No se sabe quién puso aquí estos restos y con qué fin lo hizo, si es solo un irónico y macabro aviso a los infelices supliciados sobre su estado futuro, antes de convertirse en tierra, en polvo, en nada. Hay quien también afirme que este es el cráneo de Adán, ascendido del negror profundo de las capas geológicas arcaicas y ahora porque a ellas no puede volver, condenado eternamente ante sus ojos la tierra, su único paraíso posible y para siempre perdido. Atrás, en el mismo campo donde los jinetes ejecutan su última pirueta, un hombre se aleja, volviendo la cabeza hacia este lado.
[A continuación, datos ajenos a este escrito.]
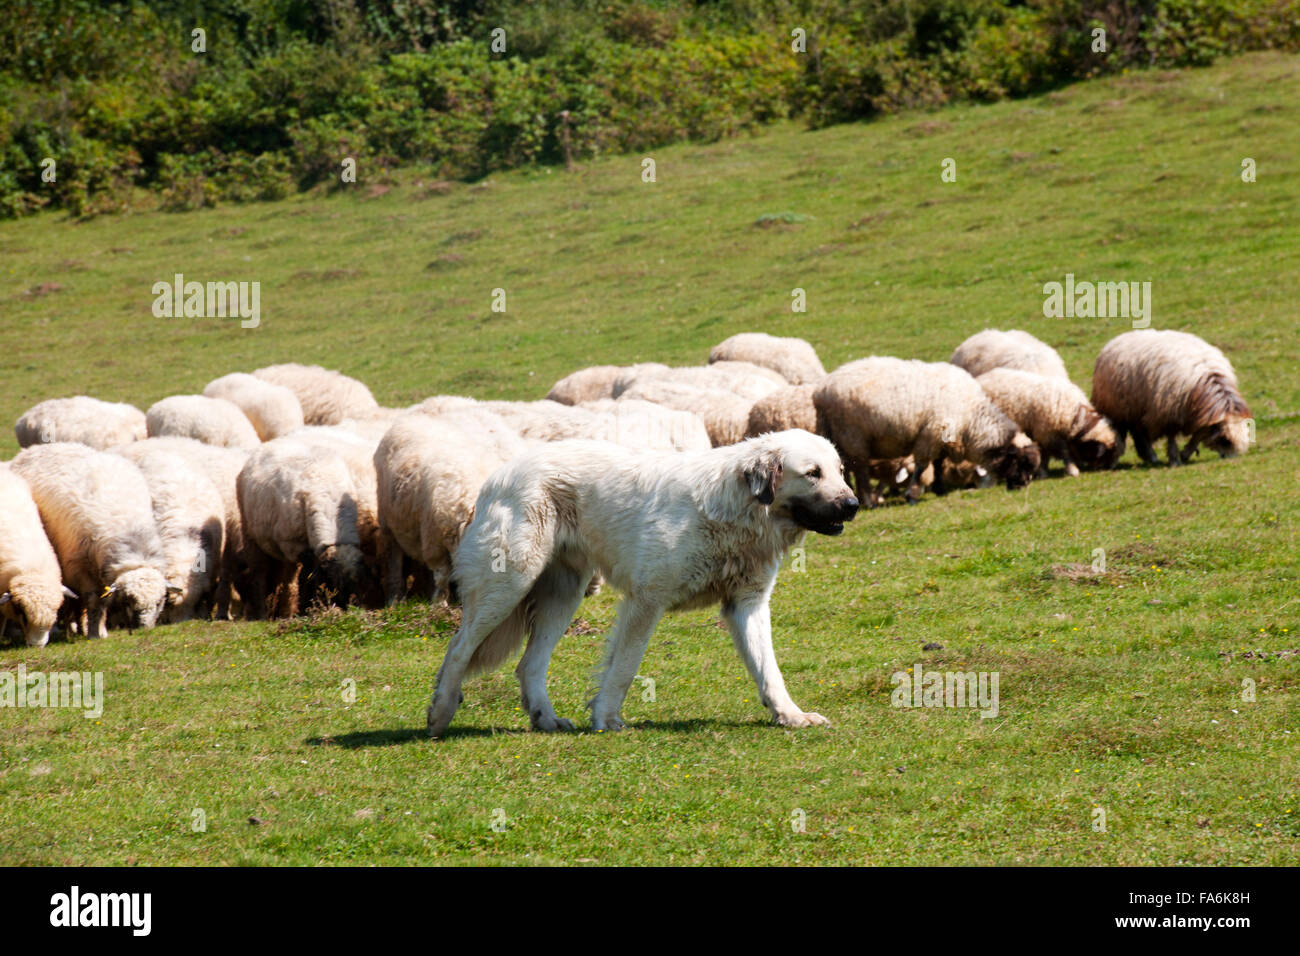 Türkei, westliche Schwarzmeeküste, Provinz Ordu, Persembe Yailasi, Schafherde mit Hirtenhund auf der Hochweide Stock Photo

Lleva en la mano izquierda un cubo y una caña en la mano derecha.

 

En el extremo de la caña debe de haber una esponja, es difícil verlo desde aquí, y el cubo, casi apostaríamos, contiene agua con vinagre. Este hombre un día y después para siempre, será víctima de una calumnia, la de por malicia o por escarnio, haberle dado vinagre a Jesús, cuando él pidió agua, aunque lo cierto es que le dio la mixtura que lleva, vinagre y agua, refresco de los más soberanos para matar la sed, como en su tiempo se sabía y practicaba. Se va pues, no se queda hasta el final, hizo lo que podía para aliviar la sequedad mortal de los tres condenados y no hizo diferencia entre Jesús y los ladrones, por la simple razón de que todo esto son cosas de la tierra, que van a quedar en la tierra y de ellas se hace la única historia posible.”

 

Conclusión

Después de haber leído con atención el extracto anterior de Saramago, podemos decir que su descripción es exacta y que sobre de ella cuenta una historia que contiene imágenes, gestos y sentimientos de lo que este grabado refleja.

 

En lo personal, me impresiono la manera en que relato y describió cada uno de los elementos contenidos en la imagen. Mi objetivo, al darles a conocer esta reseña de José Saramago, es que desarrollemos con ahínco la habilidad de observar todo nuestro entorno en el que nos desarrollamos y vivimos y tener las imágenes en la mente para que un día, si no las escribimos, las podamos contar con la vivida expresión de Saramago.

 

Bibliografía

 

• Saramago José, El Evangelio según Jesucristo. Editorial Alfaguara, España 2002

 

 

[a] Profesor Escuela Preparatoria N°3.